The fast model took about 76 seconds to run our phage lambda data and the HAC (accurate) model about 10 minutes, so it’s a lot slower. The HAC model with above settings took 44 minutes to process a set of M.bovis reads.
We sequenced three M.bovis samples individually (no multiplexing) and so had quite good depth per sample as follows:
Variants were called with SNiPgenie along with the two sets of previous illumina runs. So we could then compare the SNP distance of each triplicate in the following cluster map that shows all vs all distances:
Obviously the triplicates cluster together with 0-2 SNPs between them except for one sample which had 3. One site called differently for nanopore is shown below and is a result of a heterozygous SNP in the other data not being called. This illustrates that we can certainly use nanopore sequencing for this purpose, though we do not know how lower depths will affect results. To make such a method cost effective would probably require multiplexing of samples which will limit read depth.
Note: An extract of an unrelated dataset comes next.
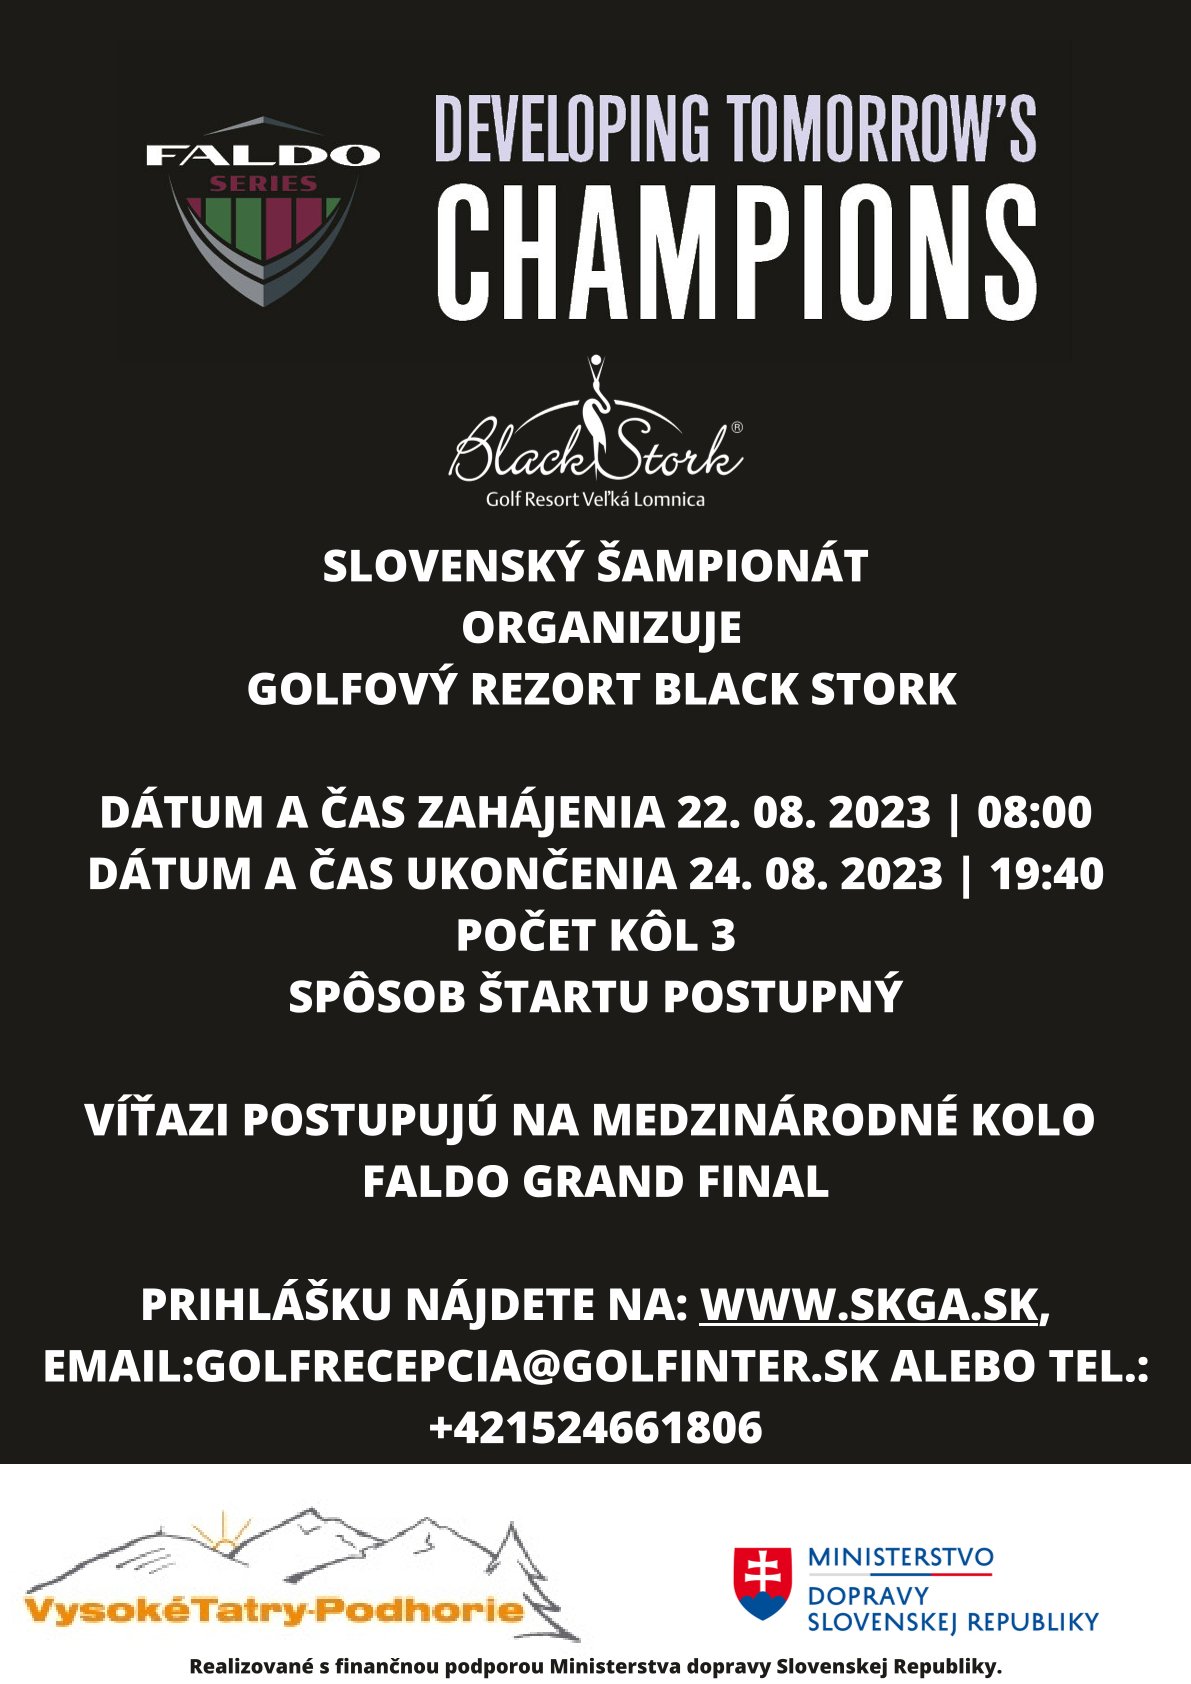 FALDO-Series-Slovakia-Championship-golf-2023-Black-Stork-Velka-Lomnica

Altering some of the guppy settings such as
cpu_threads_per_caller didn’t seem to make much difference. Increasing
gpu_runners_per_device from 1 to 2 had the biggest effect, beyond this the speed increases were much less, but more memory was used. I may not be using the program correctly! Note that versions of guppy>=5.0 use more memory so GPUs with at least 6GB RAM are possibly recommended for applications like adaptive sampling that require rapid basecalling.